The Kirchners steadily increased the power of the presidency over the last decade, but Congress may now be in a position to reassert itself during the final two years of her term. While Fernandez remains popular nationwide, particularly among poor people who benefit from many government subsidies, her allies can no longer keep rivals in check by floating the idea of a "re-re-election" to a third term.

Fernandez also needs a majority in each house to reach a quorum and push through her agenda, and the ruling bloc already lost some sure votes in the current Congress. With half of the lower house and a third of the Senate up for grabs in Sunday's vote, she might end up losing more.

The results may not become clear until after Dec. 10, when the new Congress is sworn in and their loyalty is tested.

Of 257 seats in the Chamber of Deputies, the president's bloc had 115 official seats, but could depend on only 109 or 110 votes from its own members and needed help from allies to pass legislation. In the Senate, the bloc had 32 seats and could count on allies for a total of 38 votes, barely more than the 37 needed for a majority in the 72-member chamber.

Fernandez, 60, will need to find new ways of dominating opponents and also maintaining the loyalty of politicians within the ruling front, her center-left branch of Argentina's multifaceted and fractious Peronist party.

Before she was diagnosed with a head injury Oct. 6, Fernandez appeared with Insaurralde at every major campaign event, sometimes doing all the talking. But since she was sidelined by skull surgery, she has remained in seclusion, a very unusual situation for a country accustomed to seeing her on television every day. While her doctors say her condition is improving, they ordered her to rest for a month and avoid any stress.

Her vice president, Amado Boudou, is nominally in charge while she recuperates, but even her top ministers have struggled to describe how decisions are being made, and have contradicted each other about whether she's even aware of major developments. Barred by her doctors from flying, she was unable to vote or visit Kirchner's tomb on Sunday, which was the third anniversary of his death from a heart attack.

With no hope of a third term and Boudou's political future clouded by corruption investigations, Fernandez could now spend her last two years struggling to keep rivals in line during an intense succession battle within the always fractious Peronist party.

The short list of potential candidates has always included the governor of Buenos Aires province, Daniel Scioli, and the mayor of the capital of Buenos Aires, Mauricio Macri, both seen as more business-friendly and centrist than Fernandez. With Sunday's results, Massa appears likely to be one of the candidates to beat.

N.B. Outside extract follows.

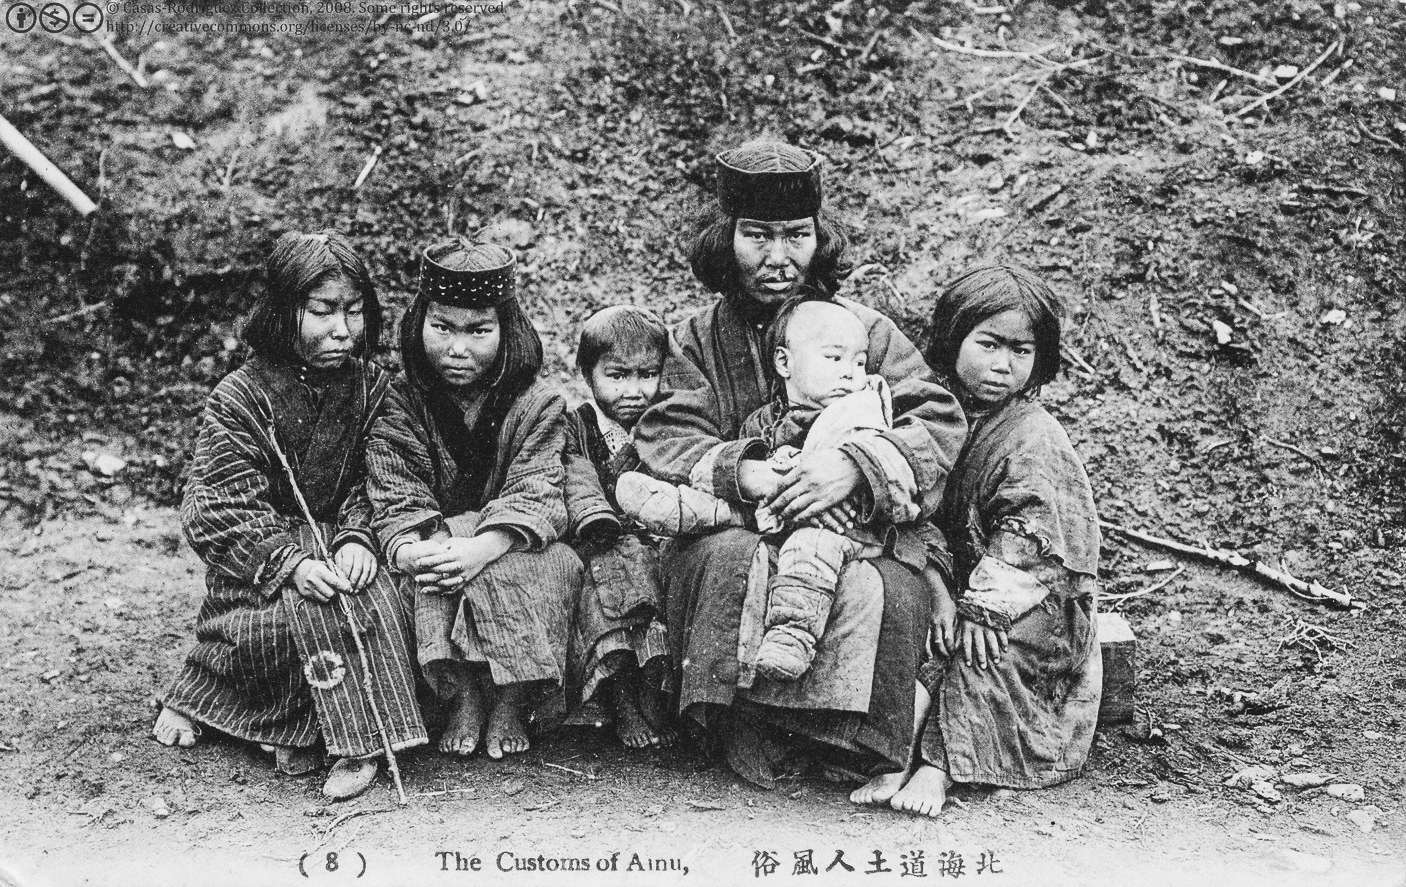 Οι Ainu (ονομάζονται επίσης Ezo στα ιστορικά κείμενα) είναι μια εθνική ομάδα ιθαγενών στο Hokkaidō, στα νησιά Kuril, και σε μεγάλο μέρος της Σαχαλίνης. Πιθανότατα υπάρχουν πάνω από 150,000 Αϊνού σήμερα. Ωστόσο, ο ακριβής αριθμός δεν είναι γνωστός καθώς πολλοί Αϊνού κρύβουν την καταγωγή τους λόγω φυλετικών ζητημάτων στην Ιαπωνία

Still, Fernandez has lost ground before, only to recover her strength. After the last mid-term elections, and following Kirchner's death, many predicted she wouldn't survive politically without him. Instead, she consolidated her power, winning back enough allies to extend an economic emergency law enabling her to unilaterally make major financial decisions.

Fearful of losing that power after Sunday's vote, the government and its allies in the current Congress recently extended the "emergency" until the end of 2015.